Trovo bellissimo come Andrea e Mieke lo abbiano sviluppato, come Andrea per sua stessa ammissione, è riuscita a fare certe domande ai suoi solo con la distanza della telecamera in mano, come Mieke per un annno e mezzo sia diventata incredibilmente intima con persone che conosceva solo dalle riprese di Andrea e dalle foto e frammenti audio e video di famiglia, montati in modo molto efficace.

Anche la tecnica di ripresa a mano dà questo taglio personale. Perché Andrea pone domande su un argomento di famiglia del quale non si è mai parlato, ma le vengono date anche delle risposte e le vengono poste anche delle domande, entrambe spesso scomode e quando vedi che l'immagine scivola via capisci che è il suo modo di togliere lo sguardo da qualcosa che riguarda profondamente anche lei.

Perché sono interessanti anche le risposte che loro tutti si danno.

Questo per quanto riguarda il film, che se l'argomento emigrazione, maternità, vita sotto dittatura, partenze, ritorni, ricerca delle radici, Sao Paulo amore mio e un'altra ventina che adesso mi sfuggono vi potrebbero interessare, io lo trovo molto ben fatto (Andrea fa la regista da una ventina d'anni e prima di andare a New York e poi venire in Olanda ha ricevuto molti premi per i suoi corti in Brasile, di cui vediamo alcuni frammenti).

Per me è molto strano vedere finalmente un suo film. Andrea ed io abbiamo vissuto dal 2000 al 2008 in due vie parallele e lei ha insegnato per me, per un periodo. Quindi sapevo dei suoi trascorsi registici, più di una volta abbiamo parlato di organizzare qualche proiezione tra amici per vedere i suoi lavori, poi ci siamo messe a figliare a intermittenza entrambe e la vita ci ha fagocitate.

Di lei puoi certo dire, a prima vista, che è molto più prussiana che brasiliana nei modi di porsi, e adesso capisco anche che certi pregiudizi di tipo etnico (che mi sono pure laureata sulla loro rappresentazione a fini umoristici) veramente ce li portiamo dietro dal profondo e che i posti in cui viviamo e il piacere e lo sforzo che ci costa adattarsi a un nuovo ambiente non fanno altro che aggiungere nuovi strati.
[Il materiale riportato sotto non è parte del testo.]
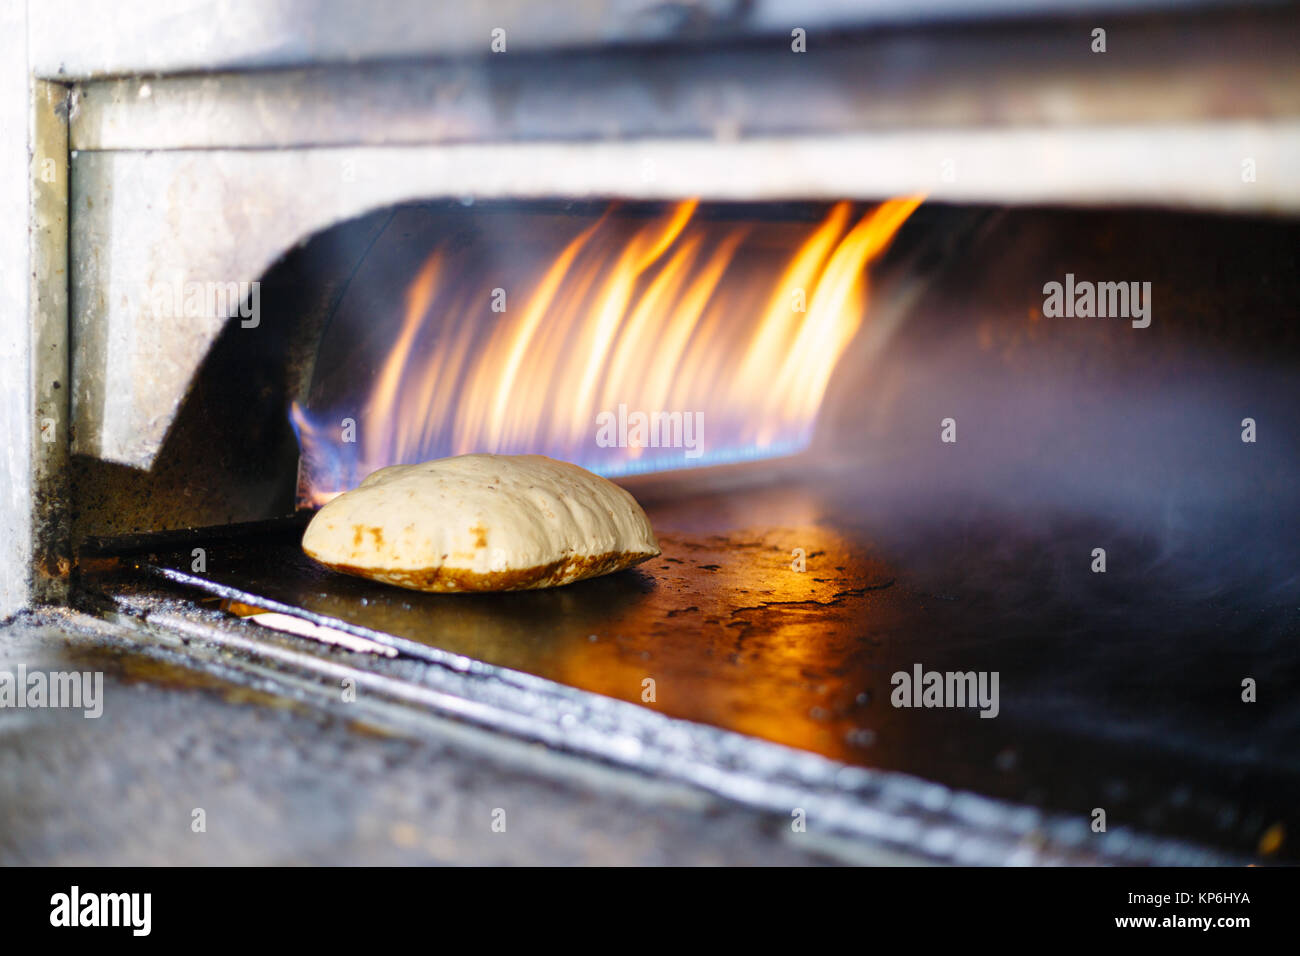 Pita Brot im Ofen Stockfotografie - Alamy

Quello che ho pensato - e le ho poi detto - è che in fondo lei ha fatto il film del mio prossimo libro. Che dopo aver tirato fuori qualcosina del mio coté paterno, ho subito pensato che prima o poi devo fare qualcosa anche con questa strana dinastia materna che mi ritrovo. E che assomiglia per certi versi alla sua nel senso del punto di partenza delle domande. Poi se iniziassi a farle io queste domande, le risposte ci porterebbero da tutt' altra parte, però è bello sentirsi riconfermare volta per volta che ci facciamo tutti le stesse domande e che il bello della vita è darci, come possiamo, al meglio o al peggio che le circostanze e la vita ci offrono, di darci ognuno delle risposte plausibili per sé.
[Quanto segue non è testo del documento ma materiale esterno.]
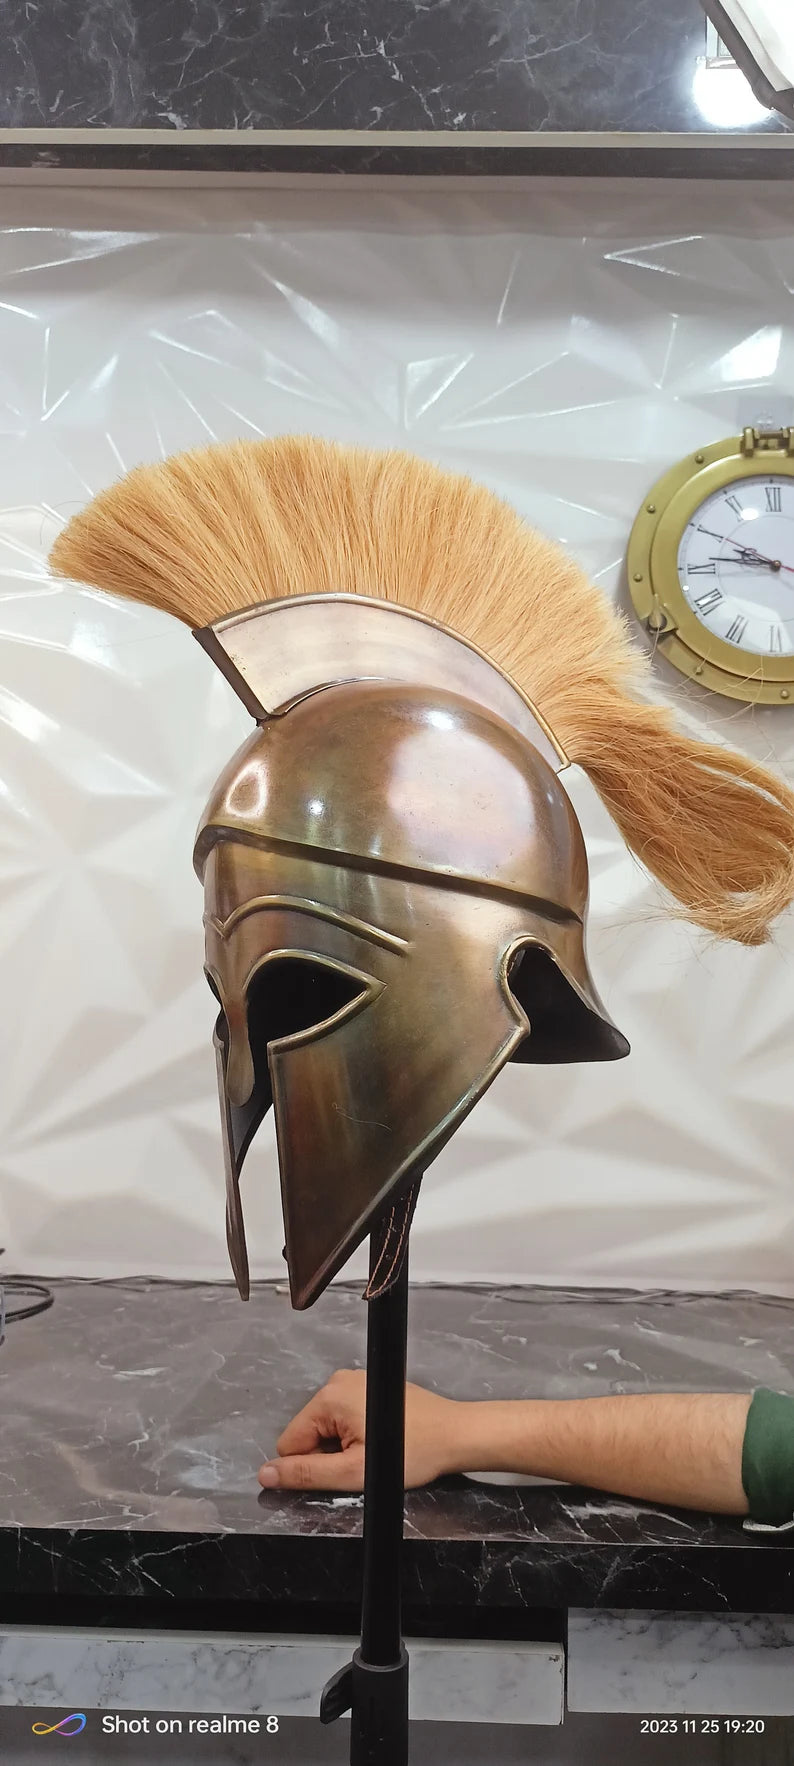 Knight Crusader Helmet | Medieval Corinthian Steel & Leather | Roman Style Armor | Unique Christmas Gift Item

Potete vederlo ancora oggi e dopodomani a Rotterdam:
Sala giorno ora
Cinerama 5 Tue 02 Feb 14:30 Tickets
Lantaren 2 Thu 04 Feb 20:15 Tickets

1 commento:

supermambanana ha detto...

chissa' se riusciamo a vederlo da queste parti, mi pare una bella cosa. Che io poi mi intrigo in queste storie, che mi chiedo sempre come deve essere sentire questo senso di appartenenza a qualcosa, a una terra, a una famiglia, io che vagolo come un monade capitato sulla terra per caso, che son convinta che a parte figli e marito, che sono la mia famiglia vera, tutto il resto, italia, genitori, parenti, e' piu' che altro un accidente del caso. E vabbe, un giorno o l'altro avro' il tempo di analizzare la cosa.